There are practical caveats when using this pattern. If you set the polling interval too short (under a second), you put unnecessary load on the API server; if you set it too long, responses get delayed. A few seconds to a few tens of seconds is usually fine. And always put a timeout and failure handling (alerting/retries) on the calling side. Some DAGs can run for hours, and if the client sits blocked the whole time, that system will die first. For longer workflows, having the DAG's last task fire a webhook to the outside (the callback pattern from Part 8) is cleaner than polling.

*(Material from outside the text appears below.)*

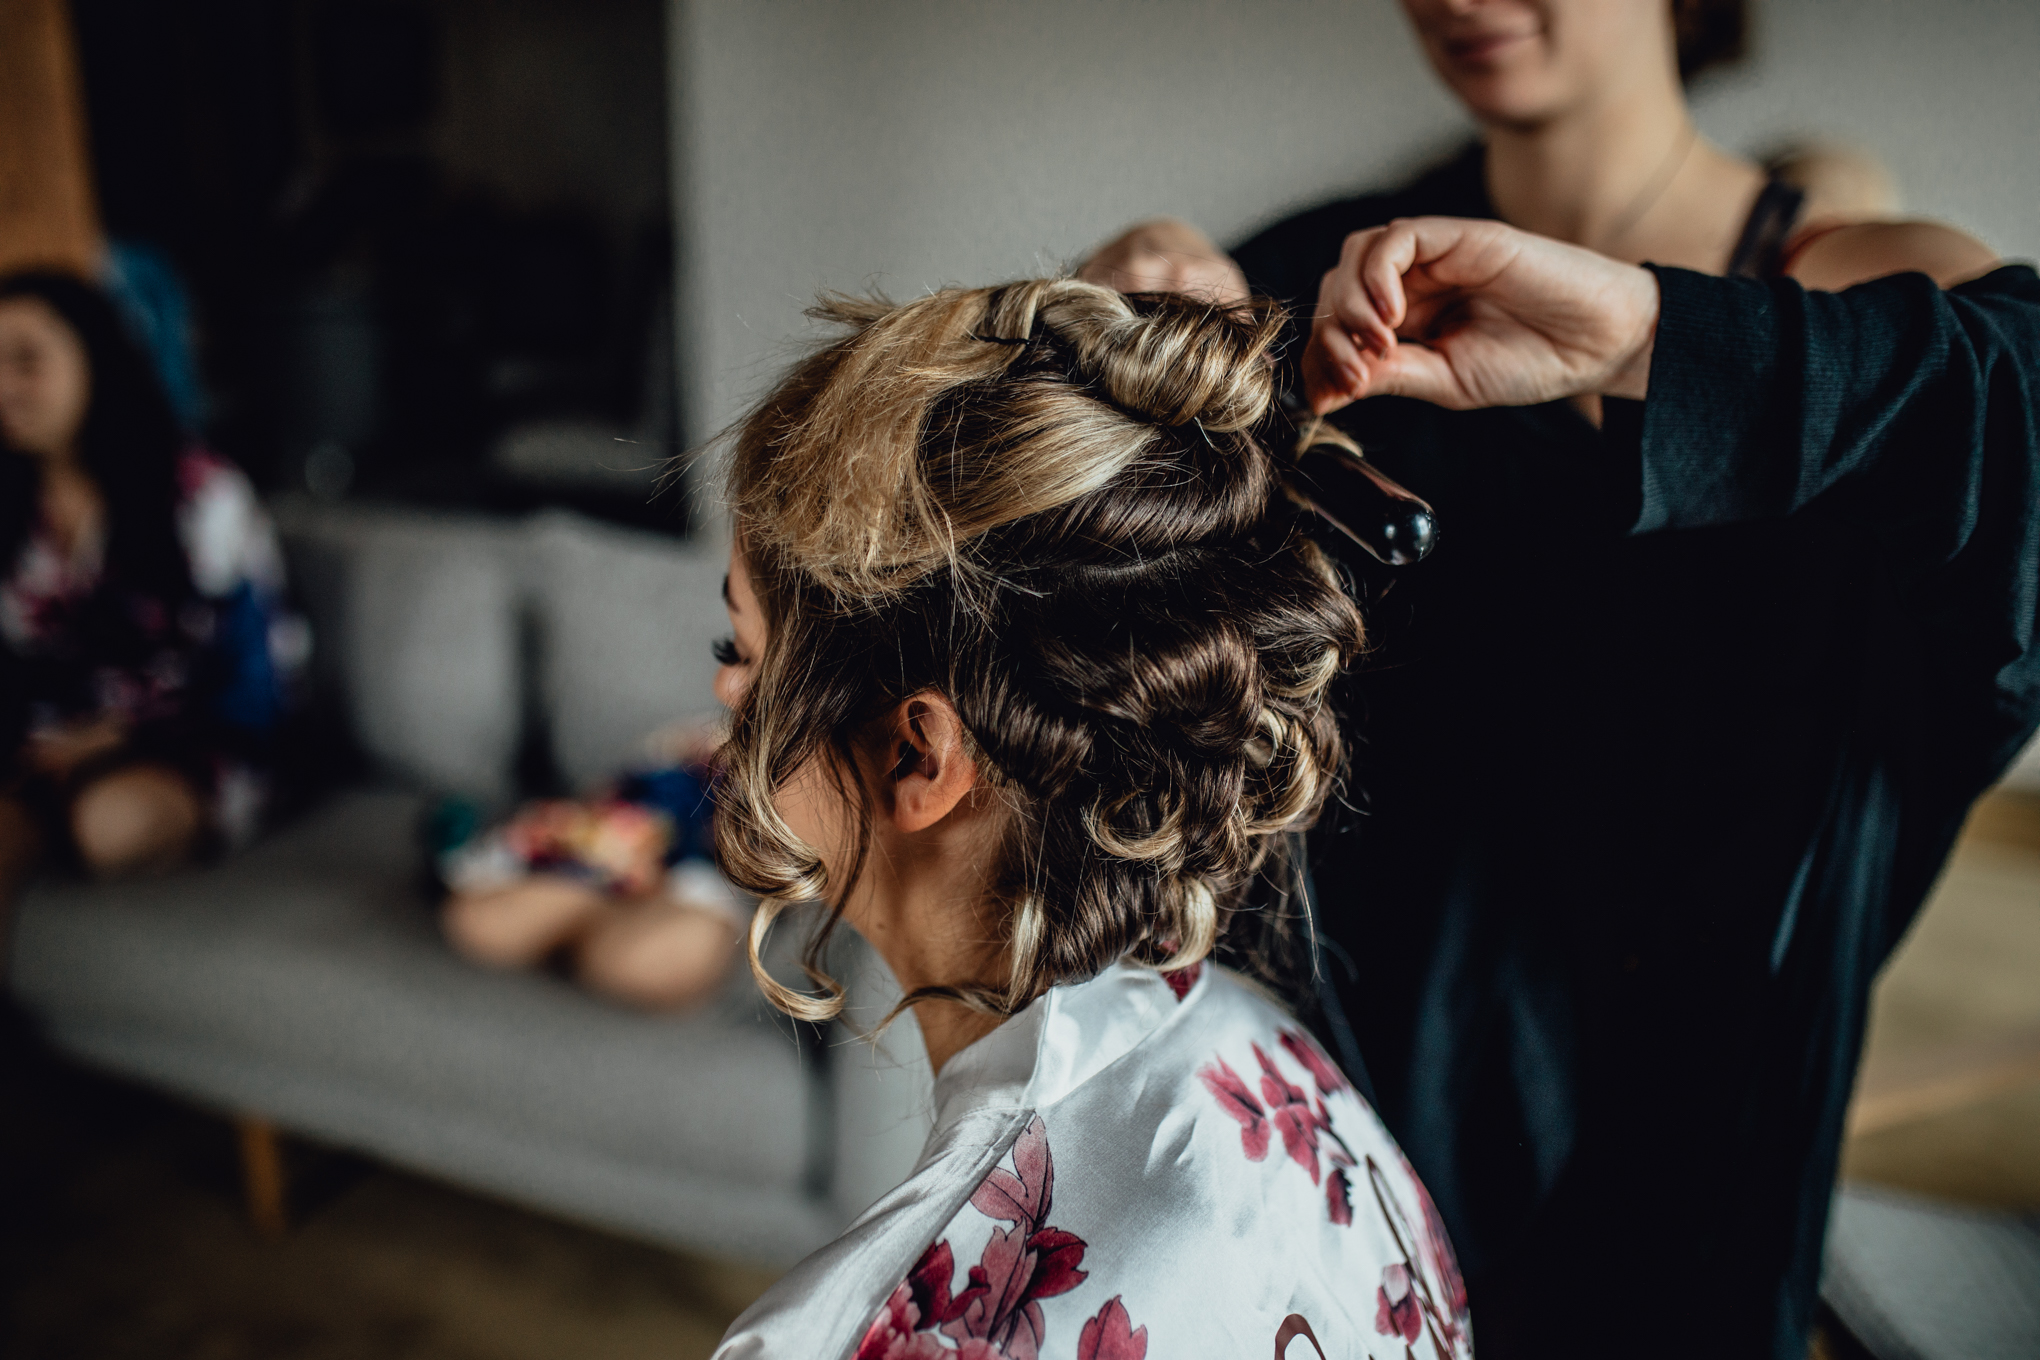 bride-getting-her-hair-done-on-wedding-day.jpg

Security: Don't Take Tokens and Permissions Lightly

Opening the REST API means you've created "a door through which the pipeline can be moved without a code deploy." That door must be locked.

• Token management: Use JWTs as short-lived tokens with an expiry, and inject them from a secrets manager. Never leave them in Git, logs, or URLs. Issue a separate account/token per external system so audit logs can distinguish who did what.
• RBAC least privilege: Airflow provides role-based access control. Don't give an account for a "regenerate report button" admin rights — grant only the minimum permission needed to trigger that DAG. If you give a client that only needs to trigger the ability to write Variables or read Connections, then the moment that token leaks, everything is exposed.
• Protecting the transport layer: Put TLS in front of the API server (HTTPS) and, where possible, narrow it further with an internal network/VPN/IP allowlist.

Wrap-up

Airflow 3's REST API is no longer a side feature but a proper gateway connecting the outside world to your pipelines. To summarize:

• The old experimental API is gone, unified into a single stable REST API on the API server + JWT.
• Triggering is creating a DAG Run, parameters are conf/Params, and turning on/off is an is_paused PATCH.
• Schedules in code, behavior parameters in Variables — this boundary preserves traceability and GitOps.
• If you need synchronous execution, trigger then poll state (timeout and failure handling are mandatory); for long jobs, a webhook is better.
• Tokens, RBAC, and TLS are not optional — they're the baseline.

For exact endpoint paths and payload schemas, check the official REST API reference for the version you're running. In the next part, Monitoring & Operations, we cover how to observe the runs you triggered this way and set up alerts.